Directions to follow
- Preheat your oven to 350°F (175°C). Prepare a 9×9-inch baking pan by greasing and flouring it.
- In a medium bowl, whisk together the flour, baking powder, baking soda, and salt until evenly mixed.
- In a larger bowl, cream together the softened butter and granulated sugar until the mixture is light and fluffy. Add the eggs one by one, mixing well after each addition, then stir in the vanilla extract.
- Gradually mix the dry flour mixture into the wet ingredients, alternating with the sour cream. Start and end with the flour, mixing gently until just combined.

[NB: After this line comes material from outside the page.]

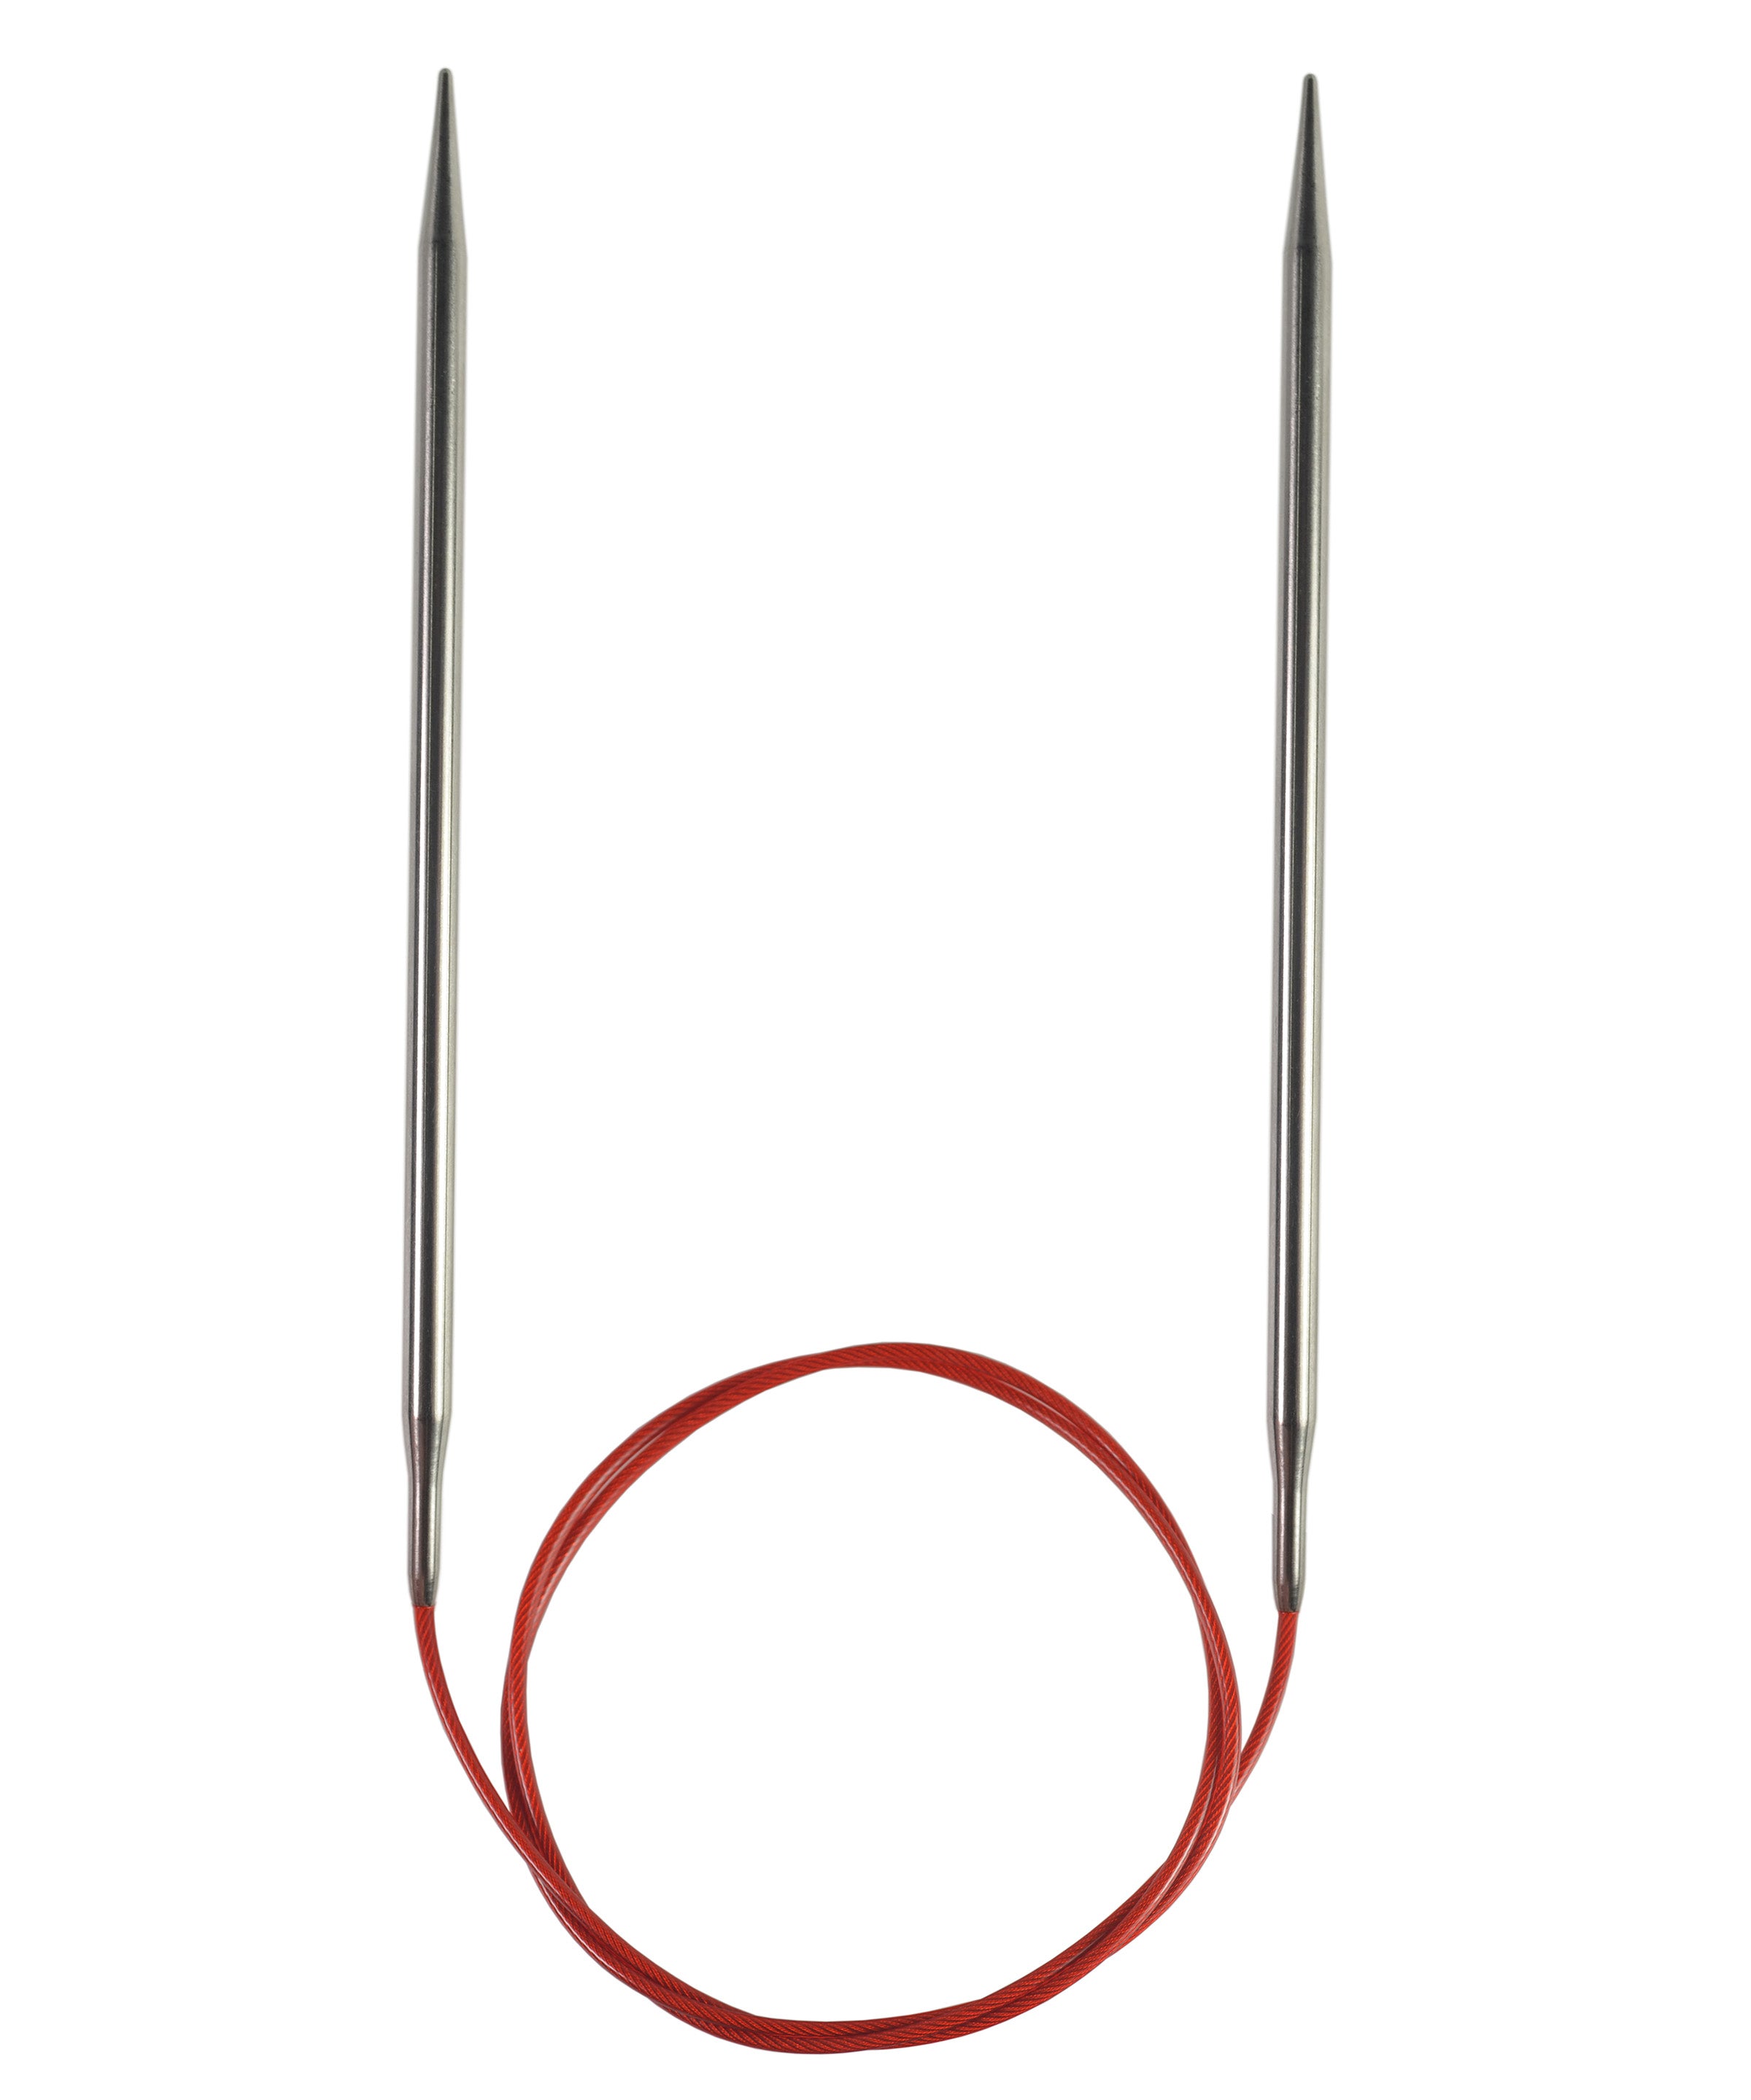 ChiaoGoo Knitting Needles Red Lace Circular, Pointy Stainless Steel Needles  for Fast Knitting, Multi-Strand Coated
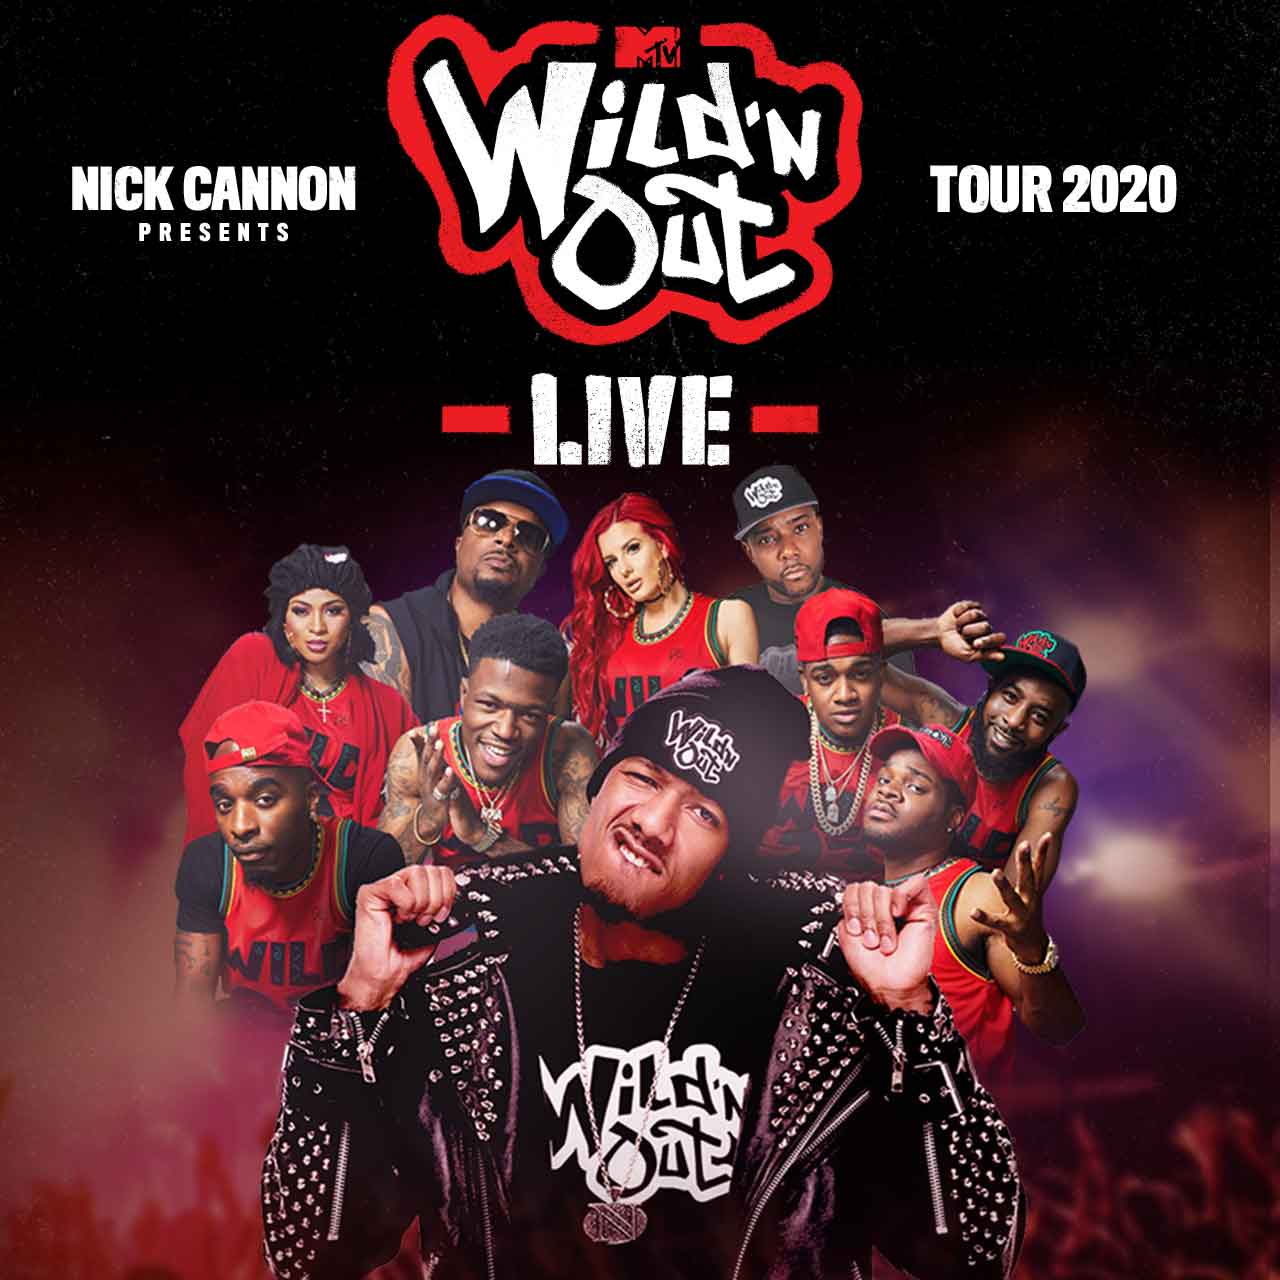 Nick Cannon Presents: MTV Wild 'N Out Live

- Carefully fold in the crushed pineapple and the chopped macadamia nuts, if you’re using them.
- Pour the batter into your prepared baking pan and spread it evenly.
- Bake in the preheated oven for 35-40 minutes. Check for doneness by inserting a toothpick in the center; it should come out clean.
- Let the cake cool in the pan for about 10 minutes before transferring it to a wire rack to cool completely.
Best ways to enjoy it
This cake is perfect on its own, but you can elevate its presentation by dusting it with powdered sugar or drizzling it with a simple glaze made from powdered sugar and lemon juice. It pairs wonderfully with a scoop of vanilla ice cream or a dollop of whipped cream. For a festive touch, consider serving it alongside fresh fruit or a tropical fruit salad.
Keeping leftovers fresh
To store your Hawaiian Pineapple Cake Delight, let it cool completely and then wrap it in plastic wrap or aluminum foil. You can keep it at room temperature for up to three days. If you want to save it for later, this cake freezes beautifully. Just ensure it is well wrapped and it will be good for up to three months. When you’re ready to enjoy it, simply thaw in the refrigerator overnight.
Helpful cooking tips
- For an extra burst of flavor, consider adding a teaspoon of coconut extract to the batter along with the vanilla.
- If you want a more intense pineapple taste, try using fresh pineapple instead of canned. Just remember to drain it well!
- Be sure not to overmix when combining the wet and dry ingredients. Overmixing can lead to a denser cake.
Creative twists
Looking to switch it up? Here are some fun variations:
- Try replacing the macadamia nuts with crushed walnuts or pecans for a different nutty flavor.
- Add shredded coconut into the batter for an extra tropical flair.
- For a more decadent treat, incorporate chocolate chips for a sweet contrast to the pineapple.
FAQs
How long does it take to prepare this cake?
The preparation is quite quick, taking about 20 minutes. The total baking time is around 35-40 minutes, making it an efficient but satisfying dessert option.
Can I substitute the sour cream?
Absolutely! Greek yogurt can be a great substitute if you’re looking for a lighter alternative with a similar tangy flavor.
How do I know when the cake is ready?
Insert a toothpick into the center of the cake. If it comes out clean or with a few crumbs (but no wet batter), your cake is done.